Prompting has become the primary interface between humans and generative AI, yet many natural language prompts remain fragile due to buried or implicit roles, goals, constraints, and expected outputs. In agentic and software development workflows, misreads at the first handoff can propagate through every step, with a significant portion of agent failures stemming from context ambiguities rather than model limitations.
PromptMN, introduced in a new arXiv paper, is a pseudo-prompting domain-specific language that annotates natural language with compact, %-prefixed typed directives. These directives cover roles, goals, requirements, priorities, constraints, plans, inputs, and outputs. Semantic resolution enables authors to write directives in any order, while the model interprets them by function, positioning PromptMN between informal prompting and programming-style pseudocode.
The language is designed to be structured enough for inspectability and reusability, yet lightweight enough for analysts, managers, developers, and stakeholders across the software development lifecycle (SDLC). It also pairs with reverse prompt engineering, where a model restates a desired outcome as PromptMN to surface inferred roles, goals, constraints, and missing assumptions before execution.

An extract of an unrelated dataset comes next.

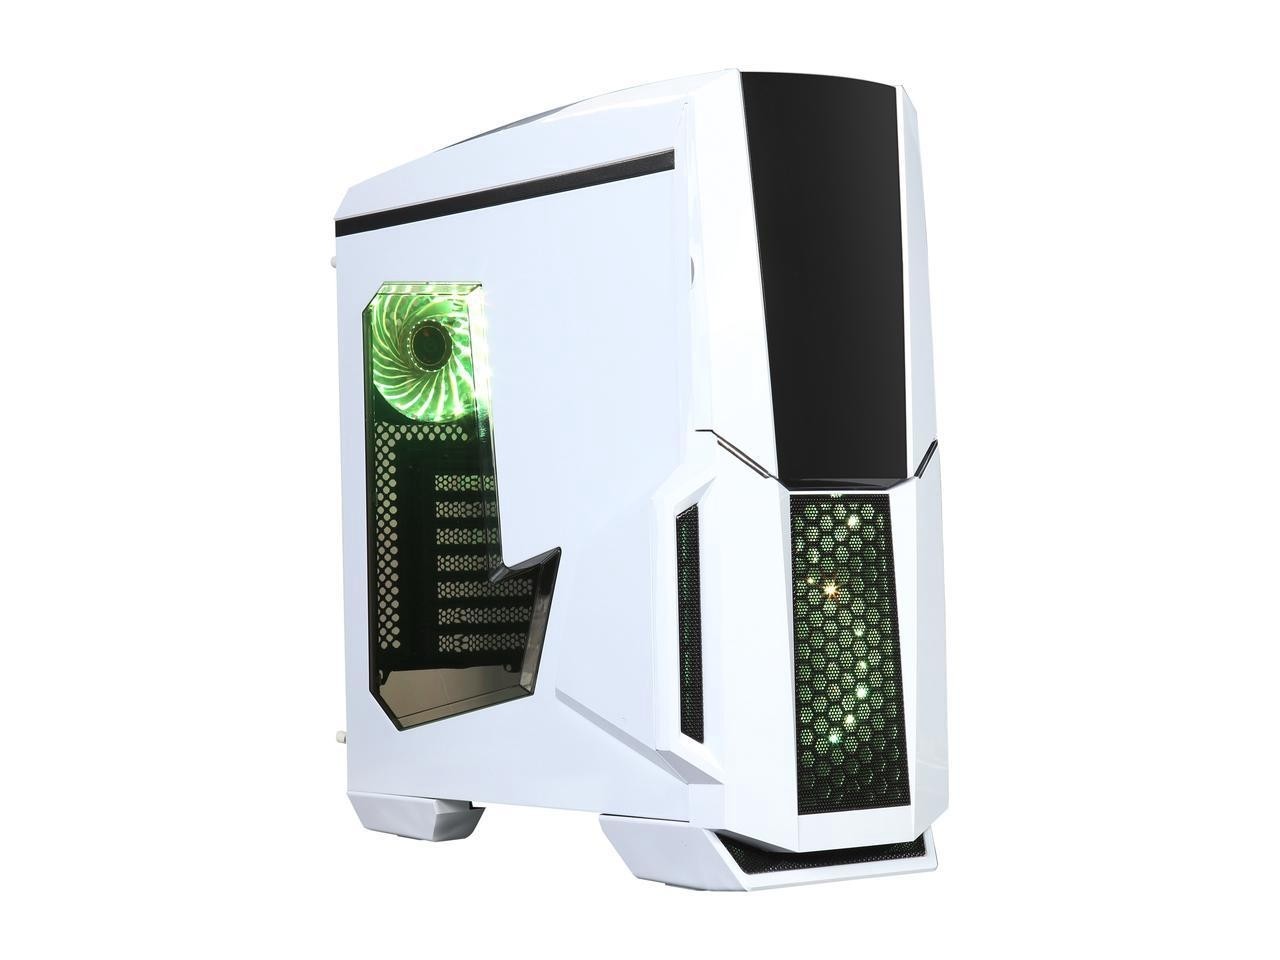 DIYPC Gamemax-W-RGB White Dual USB 3.0 ATX Full Gaming Computer Case with Build-in x RGB LED Fans and RGB Remote Control - RGB Fan - Computer Case - Products

Feasibility of PromptMN was evaluated across several frontier models, including Claude Fable 5, Claude Opus 4.8, Gemini 3.1 Pro, and GPT-5.5. The models correctly resolved PromptMN instructions, including complex structures such as repetition, conditionals, methods, and a prime-checking task, without fine-tuning. The same vocabulary applies across new codebases, maintenance, and redesign scenarios in SDLC contexts.
While large-scale validation remains future work, the authors suggest PromptMN is a practical step toward clearer, more reviewable human-to-AI interaction.